Generational Attitudes And How They Impact Investment Choices

Every generation has different financial goals. They also have slightly different investment philosophies. While Baby Boomers tended to take risks and invest in stocks, Gen Xers were more likely to seek the help of financial advisors to attain their financial objectives. Then came the millennials with a focus on environmentally and socially-conscious investing. Recently, the Gen Zers have stepped up the game with a focus on digitally-savvy investments.

For the Chief Executive Officer and Founder of Blue Castles Ventures, David Rojas, understanding the difference between the ways different generations invest has been crucial to business success. And even though Gen Zers may not yet have the investment power of, say, Gen Xers, they shouldn’t be passed over by financial institutions since they are the future trendsetters.

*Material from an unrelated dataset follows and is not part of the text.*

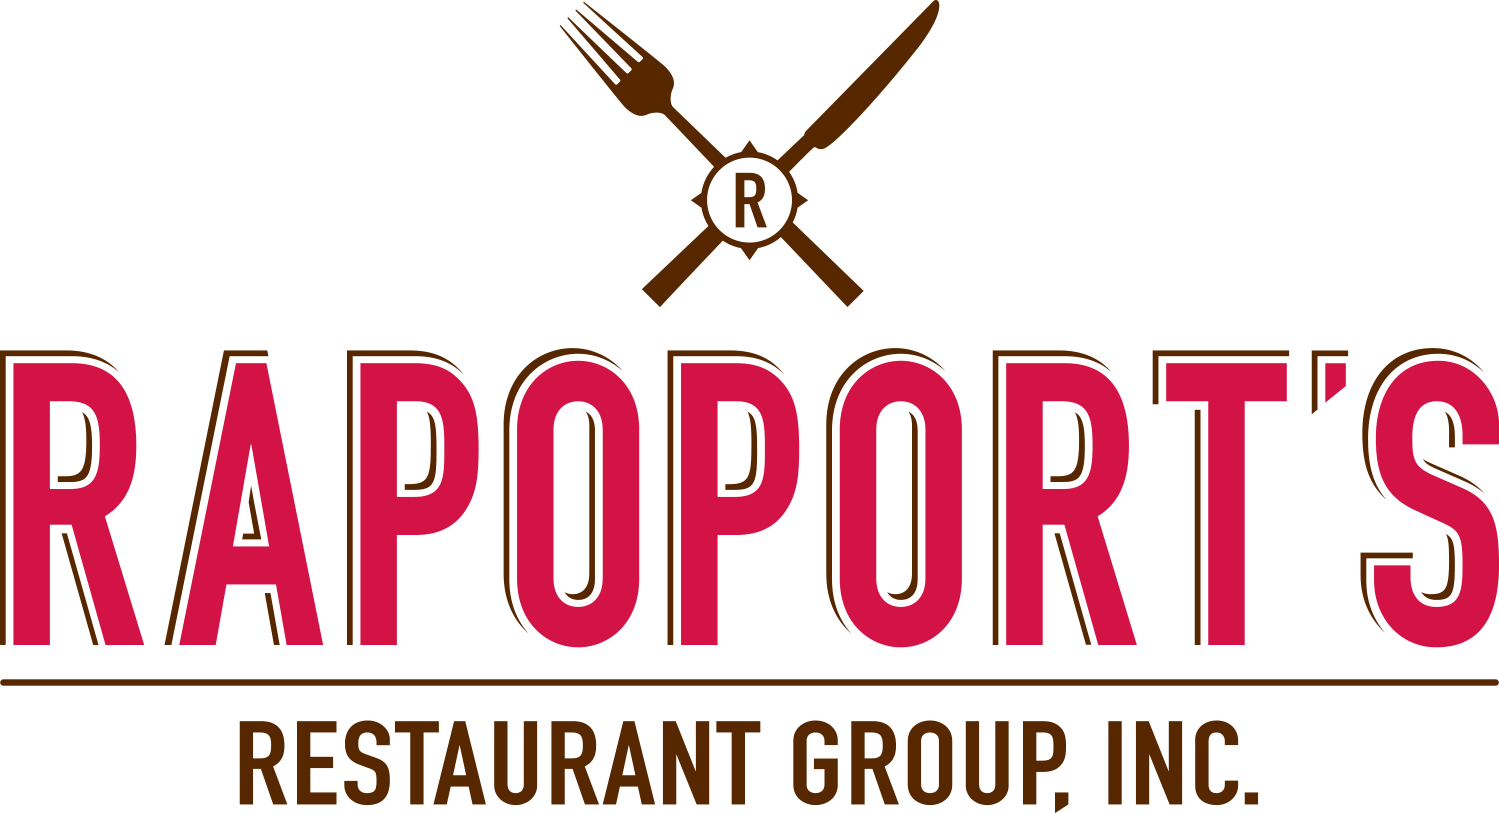 Rapoport’s Restaurant
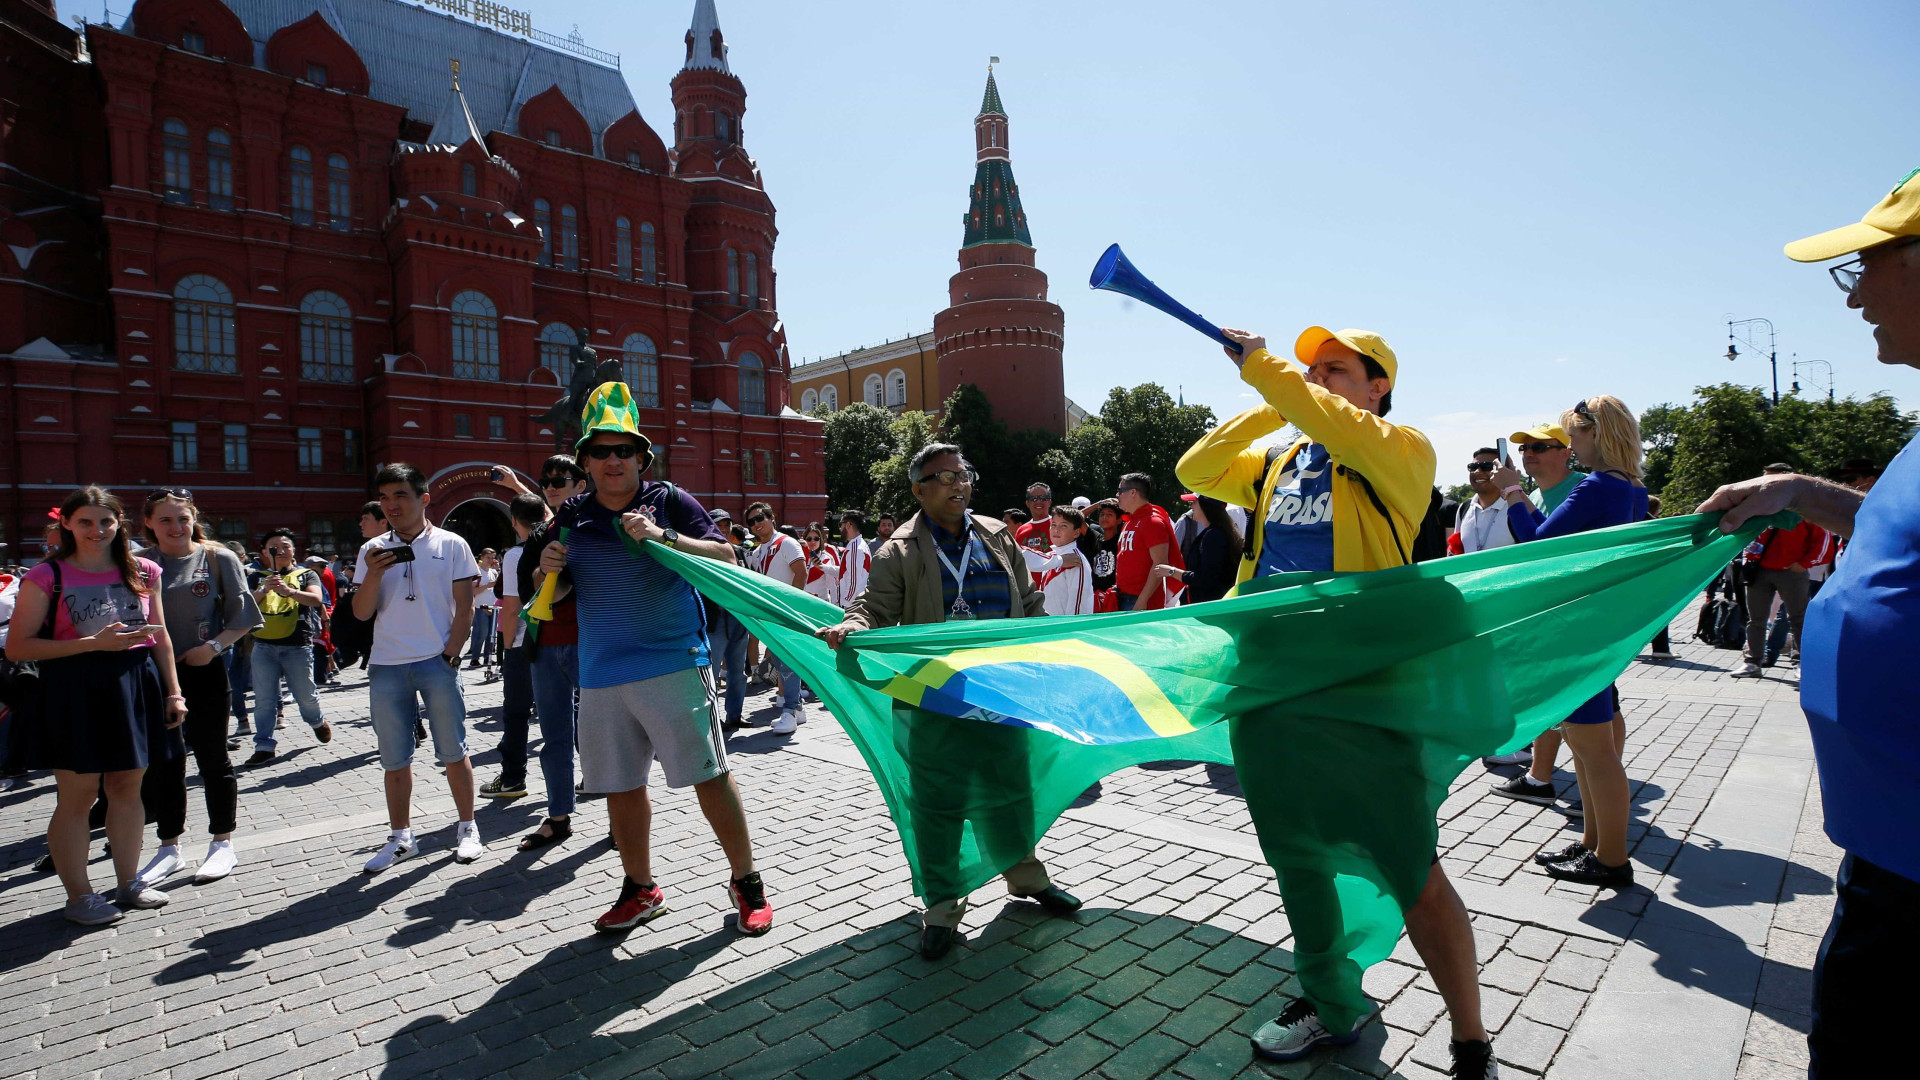 Estado Islâmico ameaça cometer atentado na Copa da Rússia

And Rojas certainly knows what he’s talking about. The Harvard Business School in Alternative Investments graduates produced $1.3 million in revenue in 2021 alone. Today, he offers innovative, sustainable, and safe alternative investment vehicles for different generation groups wishing to safeguard their futures.

The Power of Technology 

The way we invest has changed over time. While the Baby Boomers had a great run when it came to investing in stocks, today, we have countless other ways we can access investment opportunities. And this is largely thanks to technological advances and regulatory changes. While in the past investing was considered to be complicated and best left to the professionals, today, anybody with a bank account can put their hard-earned assets to work.

With cryptocurrency and non-fungible tokens, or NFTs, taking the world by storm, today’s global investment landscape relies on connectivity and the internet. And while accessing the market has never been easier, Rojas says that we have been overloaded with information and noise. As such, making the right investment decisions has become more challenging than ever.

Don’t Fall for the Scams

The cryptocurrency crash earlier this year wiped out a great deal of wealth, leaving many home investors scrambling. “People were trying to make a buck by investing on online exchanges such as Robin Hood. And they thought that crypto would just keep going up. But the market only has a certain amount of traders and money so it can’t go up forever,” Rojas says. “If there is no education behind the investments, even making a great deal of money can end badly. This is why 80 percent of people who win the lottery end up being poor again. They don’t know what to do with their money.”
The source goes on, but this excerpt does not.